Decided: March 19, 1969.

EUSTACE WHITE AND ARNOLD TANNER, CO-EXECUTORS UNDER THE WILL OF THOMAS E. CATCHPOLE, DECEASED, PLAINTIFFS,
v.
JAMES WHITE, ROGER WHITE AND MARGARET W. TANNER, DEFENDANTS



Lane, J.c.s.

Lane

This action was instituted by the executors under the will of Thomas E. Catchpole, deceased, to obtain a construction of his will executed November 25, 1953. Defendant James White, a grandnephew of decedent, is the devisee of a house and lot under paragraph Third. Defendants Roger White and Margaret Tanner are given an interest in the proceeds of a sale of the real property devised under paragraph Third. In addition, Roger White benefits under the residuary clause. These three persons are brothers and sister. The matter is before the court on final hearing.

Paragraph Third of the will provides as follows:

"I give, devise and bequeath to James White, son of my nephew, Eustace White, my house together with my furniture, except such antiques, linen and glassware as shall be selected and taken by Margaret Tanner, as provided hereinafter, located at 164 South Street, in the Borough of Eatontown, County of Monmouth and State of New Jersey. In the event my said grandnephew, James White shall sell said house within fifteen years after the date of my death, I direct that he shall give my grandniece, Margaret Tanner, and grandnephew, Rodger [ sic ] White, notice in writing of his intention so to do, and I further direct that he shall divide the proceeds from said sale equally between himself, said Margaret Tanner and said Rodger [ sic ] White, their heirs and assigns, per capita and not per stirpes.

(a) In the event said Rodger [ sic ] White has not attained the age of twenty-five (25) years at the time of the sale, said share so bequeathed to him shall be paid to my trustees for distribution to him in accordance with the provisions of the trust hereinafter provided for him."

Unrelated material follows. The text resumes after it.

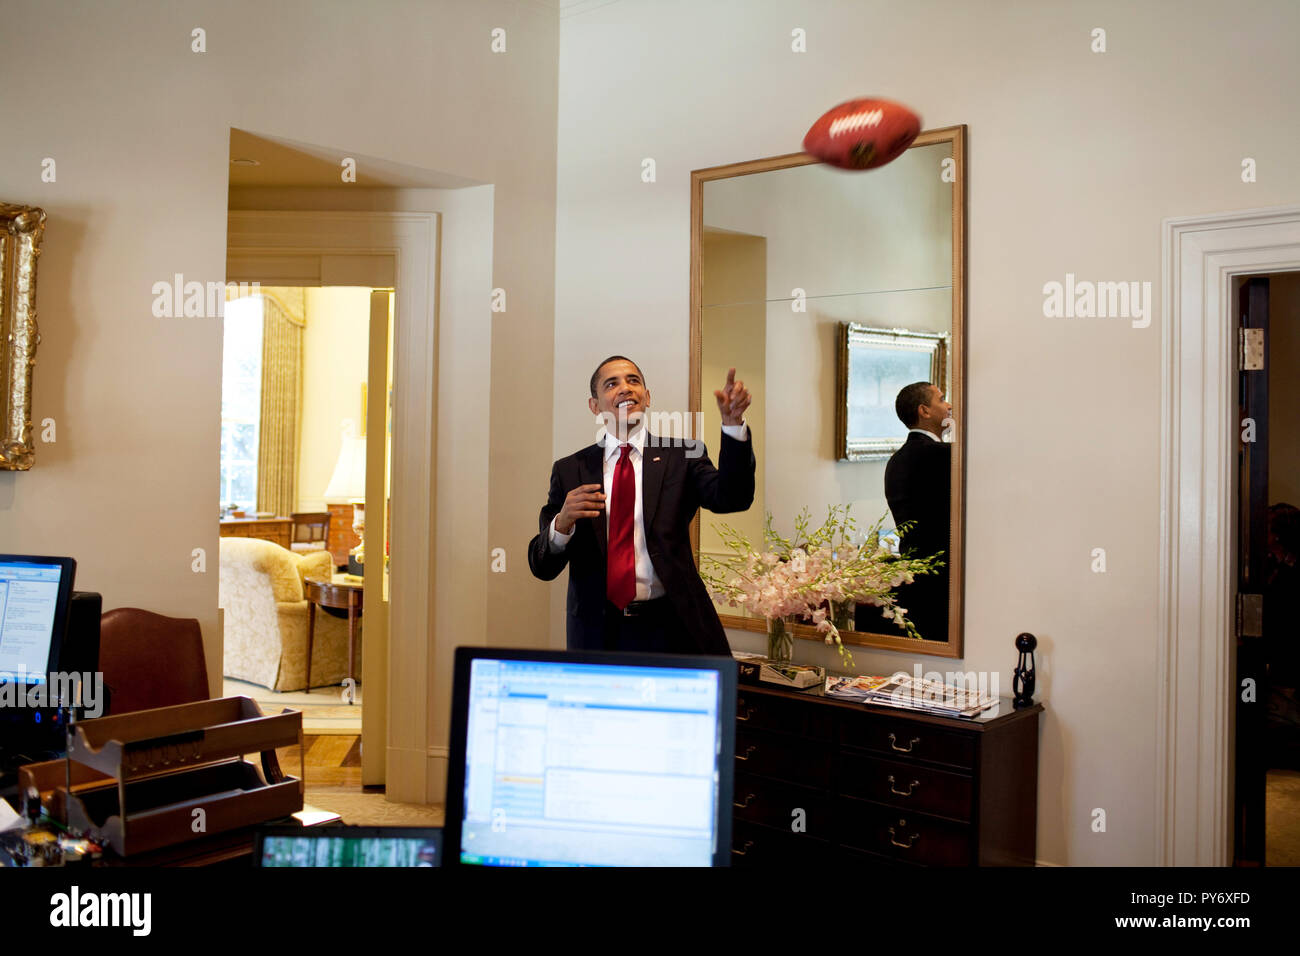 Le président Barack Obama joue avec un ballon de football dans l'Oval Office 3/4/09. Photo Officiel de la Maison Blanche par Pete Souza Banque D'Images

The house referred to in that paragraph had been occupied by decedent as his residence for a number of years. The White family (parents of James, Roger and Margaret) lived one house away from the property. Mrs. Catchpole died in April 1953. There had been a close personal relationship between decedent and James White and his wife. James White acted as a son towards decedent. He and his wife did the shopping for him; they arranged for doctors; they were available whenever decedent needed help.

On January 12, 1968 a fire partially destroyed the premises. In that fire decedent received injuries from which he died on

January 26, 1968. During the interval between the date of the fire and the date of death, decedent did not have the capacity to change his will. At the time of the fire there was a policy of fire insurance covering the premises. A claim was made under the policy which was adjusted after Catchpole's death for $7,738.81, out of which $92.46 was spent for the protection of the premises. James White claims the insurance proceeds under paragraph Third. Roger White claims that the proceeds of the insurance policy constitute personalty, an entirely different asset than the house, and therefore should pass under the residuary clause.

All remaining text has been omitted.